Бояре вскочили, размахивая длинными рукавами, заговорили все разом. Только Якун, опустив голову, по-прежнему неподвижно сидел на лавке.
— А ты почто молчишь? — накинулся на него владыка.
— Не в деньгах суть, — охрипшим голосом сказал, помолчав, Якун. — Верно ты сказал давеча: сидим на мешках с серебром. А выкупа за княжича платить не станем. Забирай Святослава, поезжай. Семя твое гнилое, а гнилой товар нам брать не к лицу. Мы люди торговые…
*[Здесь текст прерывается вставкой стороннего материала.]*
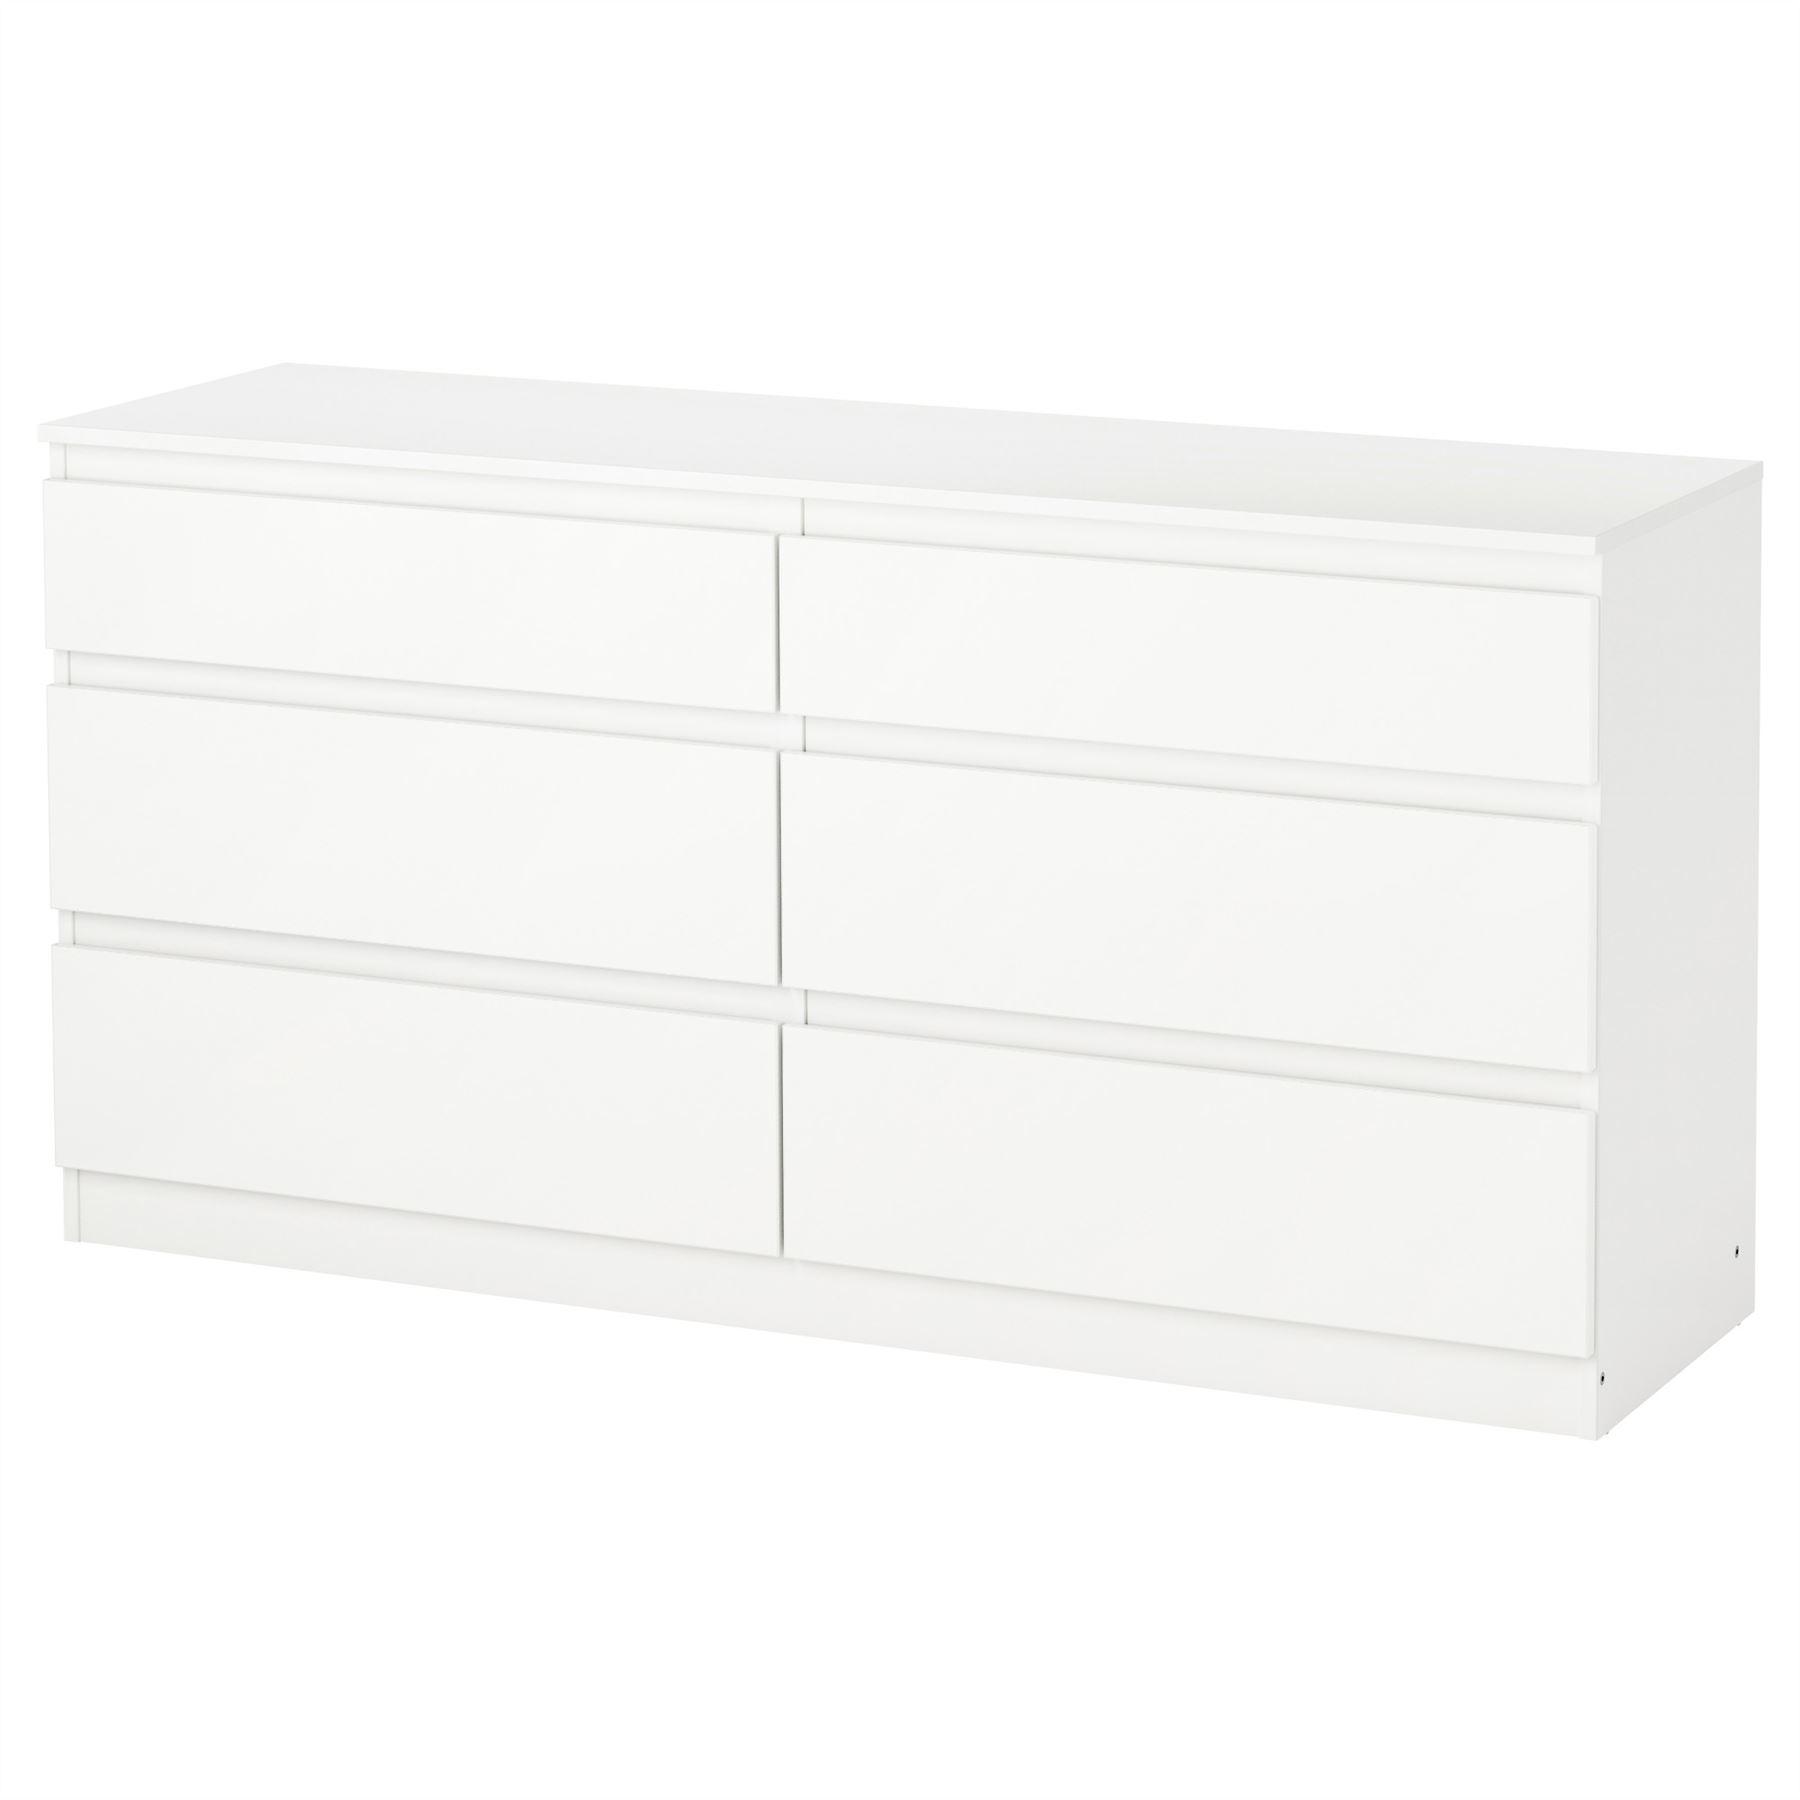 Oak Effect Bedroom Furniture Sets White And Oak Effect Bedroom Furniture Best Bedroom Ideas 2017

Верой и правдой служил Новгороду Якун. Андреевой милостью пасся после него на посадничестве Нежата, после Нежаты отдавали должность Захарии. А в трудную годину, когда двинулись на Новгород князья смоленские, рязанские, муромские и суздальские, снова вспомнили новгородцы о Якуне. Якун только и спас город, затворившись за его крепкими стенами. Не впустил он в Новгород Андрееву рать, отстоял вольницу. Но после начался мор, а хлеб шел с востока, и новгородцы послали к Андрею бояр просить мира. А чтобы князь не серчал, убрали Якуна, поставили вместо него Жирослава, а по воле Рюрика Ростиславича, посаженного к ним князем, посадничество отдали Ивану Захарьичу. За Ивана Захарьича хлопотал у князя Андрея владыка Илья — уж больно алчен был Жирослав. Хоть меняли новгородцы посадников, а Якуна любили. И когда умер Иван Захарьич, послали просить его снова стать посадником, однако же тот отказался. Тогда уж избрали Завида Неревинича.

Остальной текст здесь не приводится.